Posted on July 1, 2022

We’ve now had two consecutive months with much slower growth in the amount of federal income and payroll taxes withheld from workers’ paychecks and remitted to the U.S. Treasury Department. Those amounts–what we call tax withholding–grew by an estimated 5.8 percent in June above the amounts from June of a year ago, a move up from the 4.9 percent growth in May (compared to the amounts in May of 2021), but still much lower than in the first four months of the year when withholding grew in the 9 percent to 12 percent range (see chart below). The amount of tax withholding tends to move with overall wages and salaries in the economy, and the tax payment data become available more quickly than direct measures of economywide wages and salaries. We construct the measure of tax withholding from daily reports released by the U.S. Treasury, but adjusted by us to remove the estimated effects of tax law changes (currently a relatively small adjustment) and to standardize the makeup of business days across months (see our methodology). Observing two consecutive months of slowing withholding growth gives us confidence that we are not observing a data anomaly.

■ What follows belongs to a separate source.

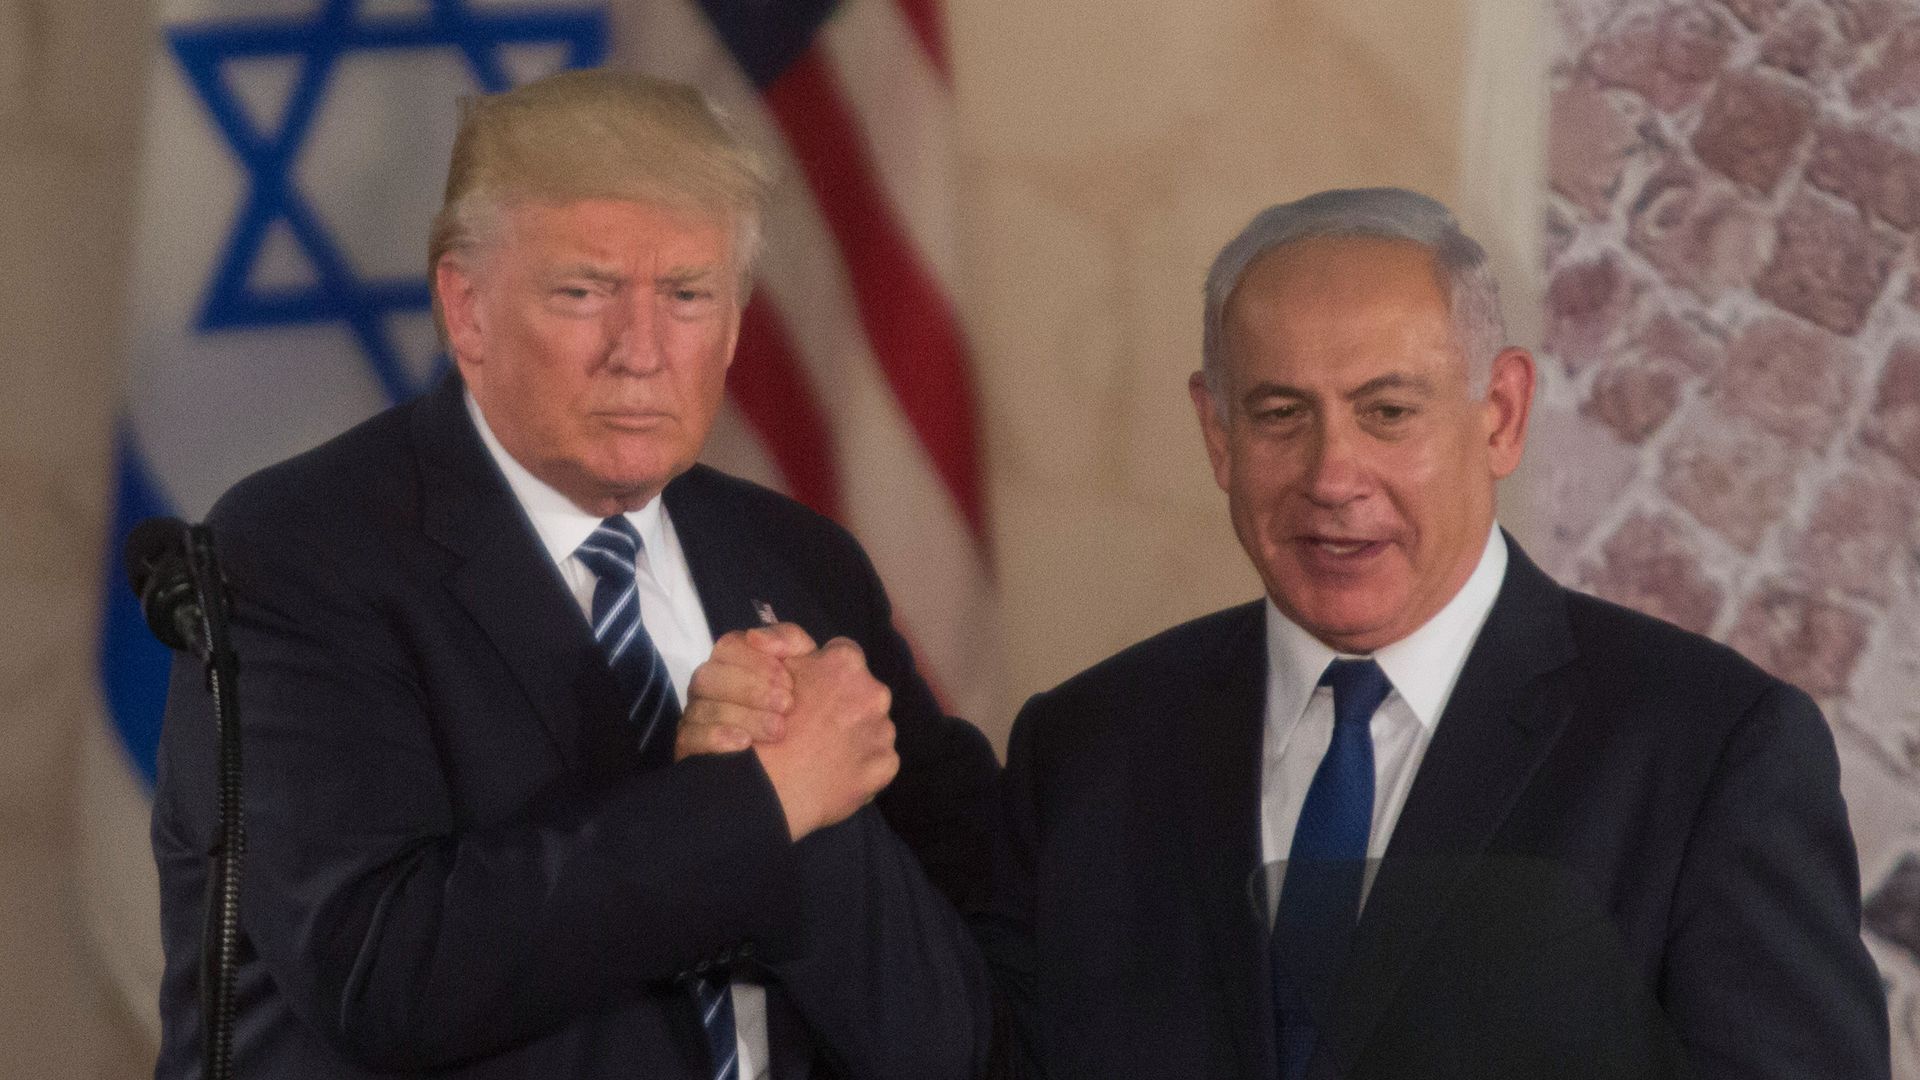 Trump shakes hands with Netanyahu

Other, more direct measures of wages and salaries in the economy–from the Bureau of Economic Analysis (BEA) in its GDP accounts and from the Bureau of Labor Statistics (BLS) in its monthly establishment survey–do not yet show a slowing in growth at all like the withholding data do (again, see the chart below). Those direct wage measures are currently available only through May and are subject to revision. The BLS establishment report for June will be released on Friday of next week, and we’ll see if those data show wage growth slowing significantly. A slowdown could be reflected either in slowing growth in jobs or in average hourly earnings, or both. Growth in average hours worked per week could also be slowing, but that tends to vary much less than do jobs and average hourly pay.